Наконец наступило представление. Я в этот день давал обед приятелям — буянам, в ближнем от театра трактире, и когда в голове у всех зашумело, предложил им идти в театр, защищать правое дело, и роздал билеты. Мы вошли в театр гурьбою, и друзья мои ожидали только моего сигнала, чтоб шикать или хлопать. Между тем Груня не показывалась из своей уборной, пока не пришла ее очередь выходить на сцену. Когда же она вышла, то Маскиной сделалось дурно при виде бриллиантов и богатого платья, которые были на Груне, и весь закулисный факультет решил, что невозможно быть одетой лучше и богаче ее. Груня была вне себя от радости, и это расположение духа имело такое сильное влияние на ее игру, что она в самом деле превзошла все ожидания; а Маскина, в отчаянии от торжества соперницы, забыла роль и мешалась в игре.

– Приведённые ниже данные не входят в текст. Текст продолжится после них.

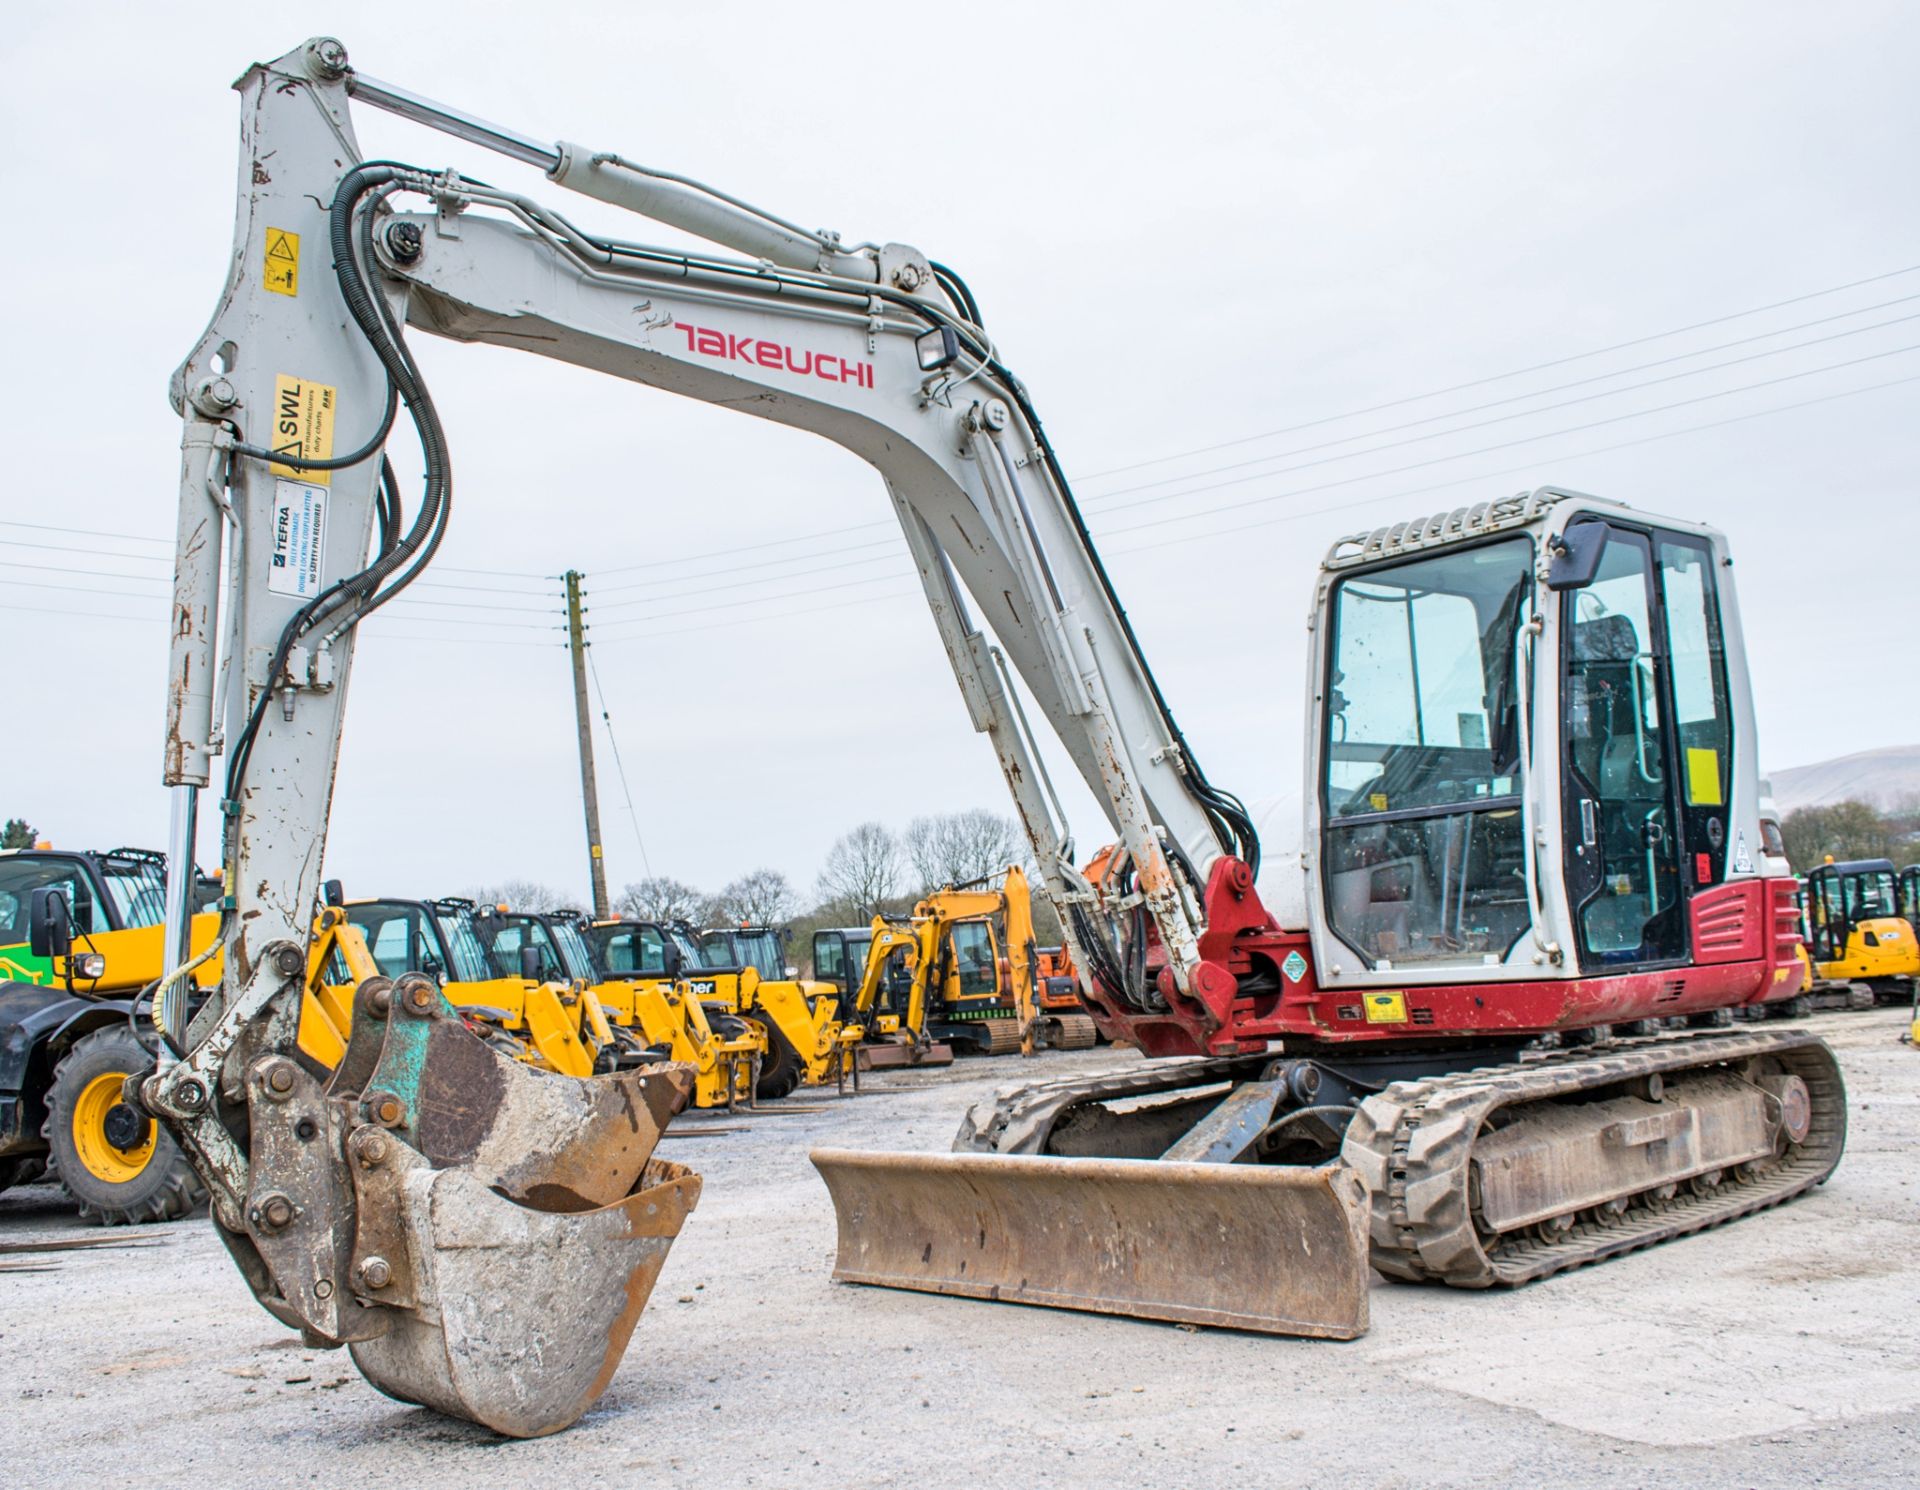 Takeuchi TB285 8.5 tonne rubber tracked excavator Year: 2012 S/N: 185000171 Recorded Hours: 6005

Друзья графа Жалкина старались всеми силами поддержать его приятельницу; но шиканье нашей партии заглушало слабые рукоплескания, и Груня, превозносимая похвалами в продолжение пьесы, была вызвана на сцену; а Маскина, покрытая стыдом и насмешками, побранилась с Грунею за кулисами и, приехав домой, подралась с графом.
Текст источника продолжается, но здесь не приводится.